# [What to produce]
Leave out the pictures, and retype the remaining data exactly.

# [Provided data]
((
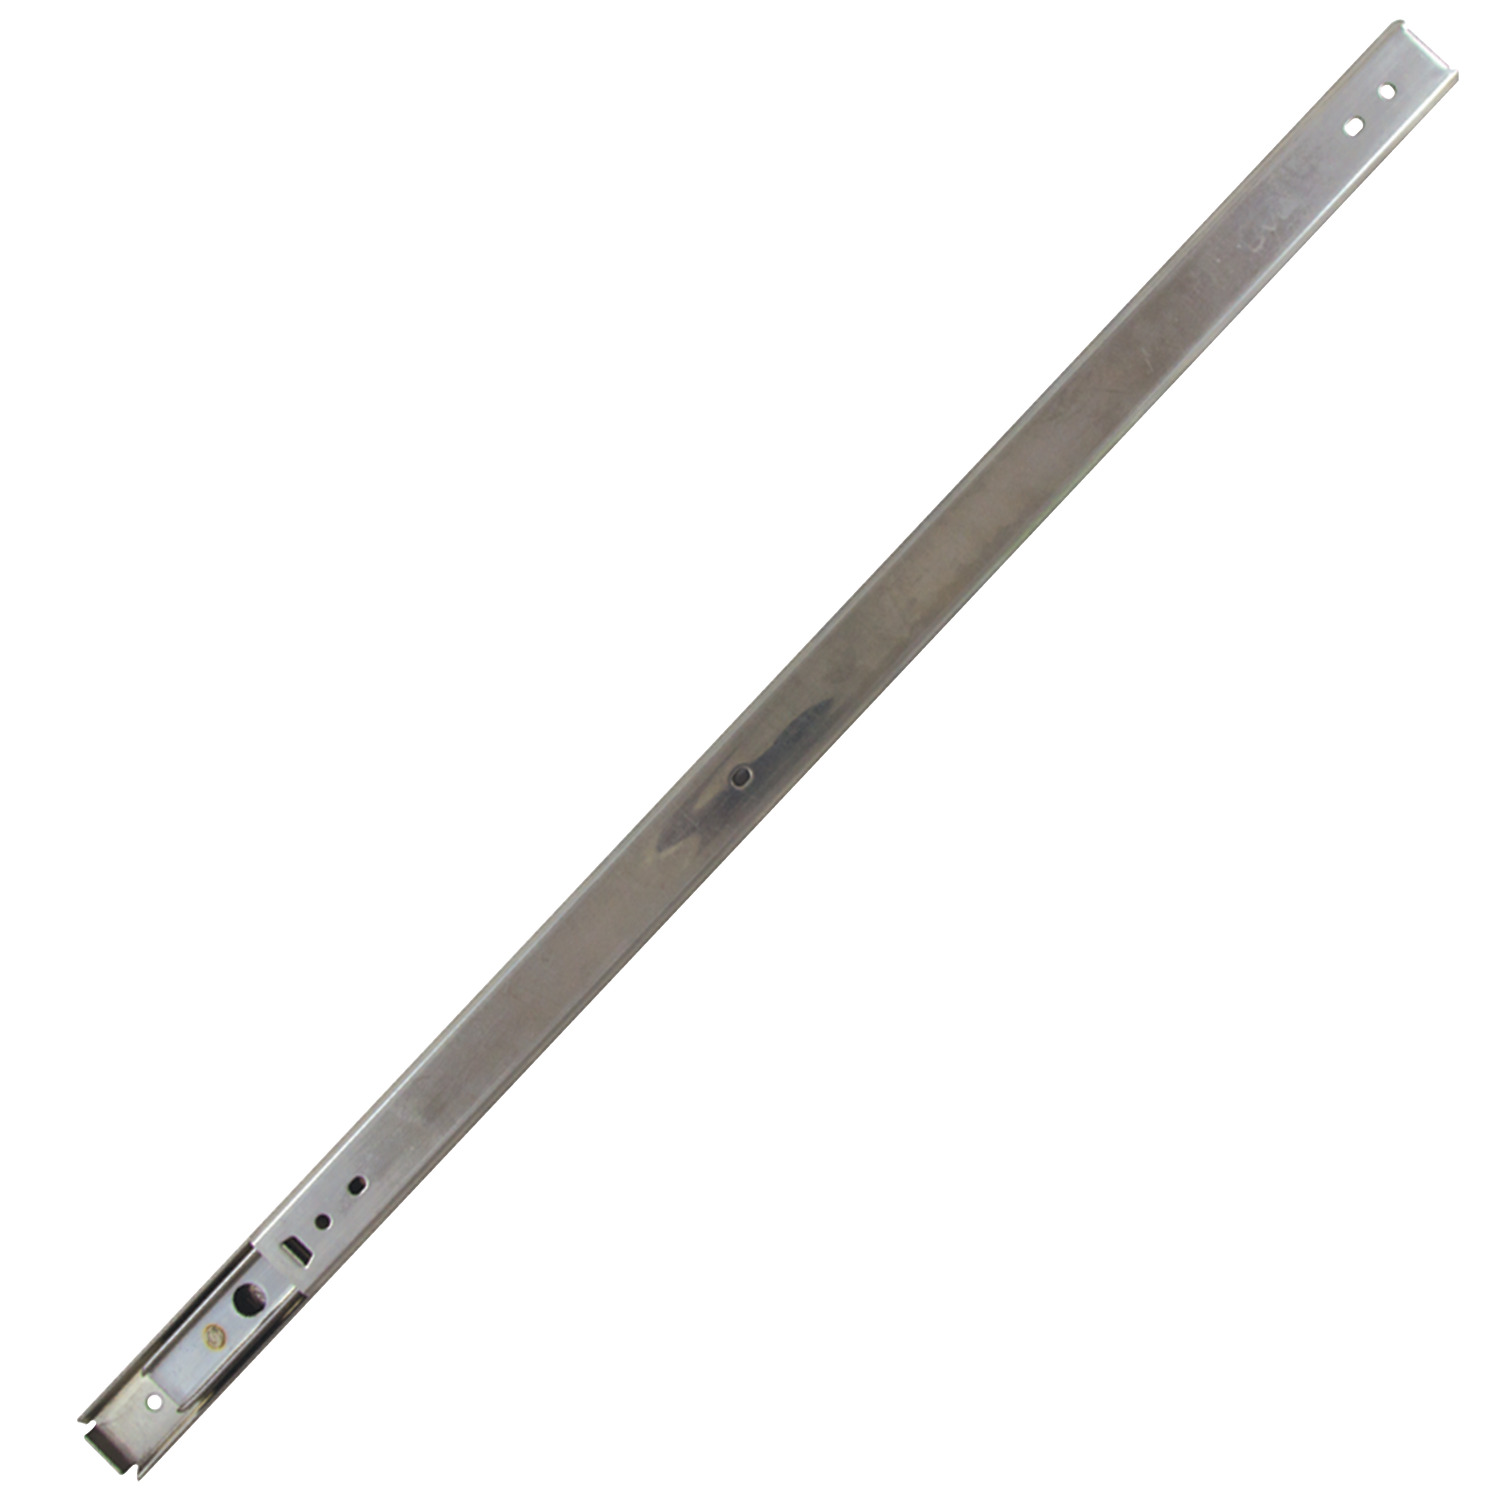 Product L2080, Drawer Slide - Full Extension 30 Kg load per pair - stainless / 
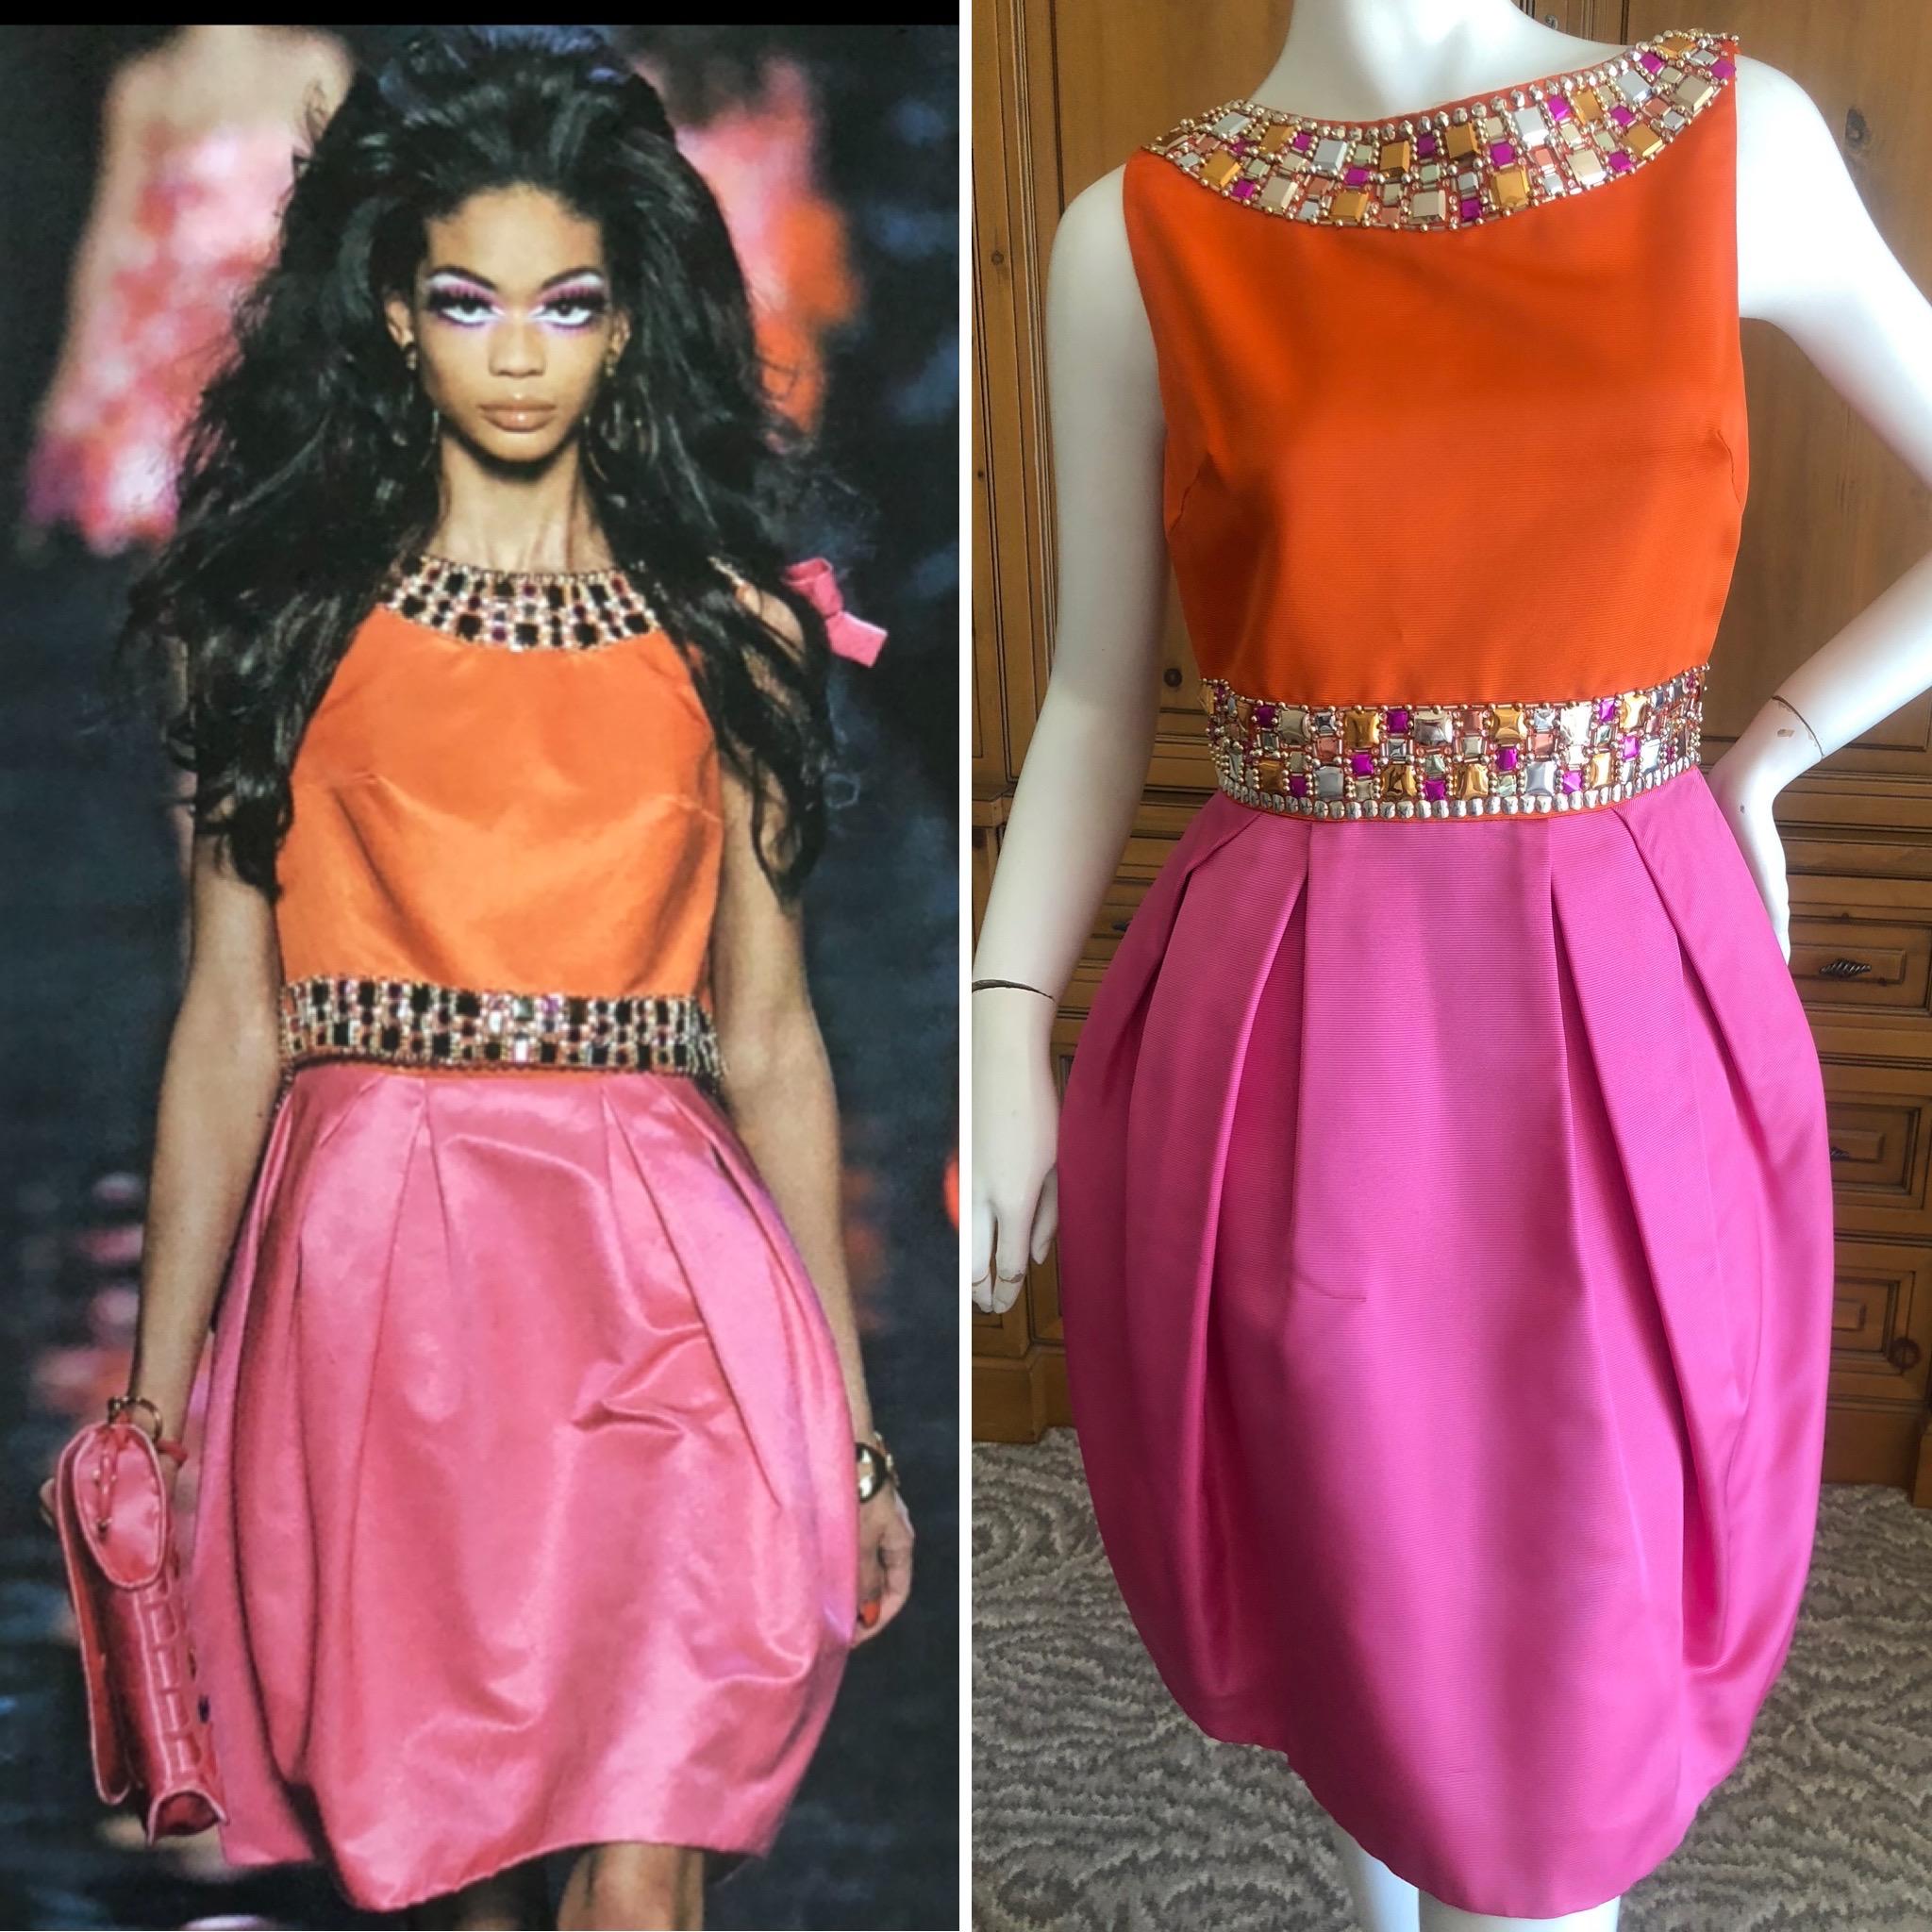 Christian Dior by John Galliano Orange and Pink Silk Sixties Style Embellished Slip Dress
  This is so pretty, please use the zoom to see the details.
Galliano's homage to the 1960's
 The ornamentation is amazing, so glam! 
Apx Size 36-38
Bust
))
# [Answer section]
 Product L2080, Drawer Slide - Full Extension 30 Kg load per pair - stainless / 
 Christian Dior by John Galliano Orange and Pink Silk Sixties Style Embellished Slip Dress
  This is so pretty, please use the zoom to see the details.
Galliano's homage to the 1960's
 The ornamentation is amazing, so glam! 
Apx Size 36-38
Bust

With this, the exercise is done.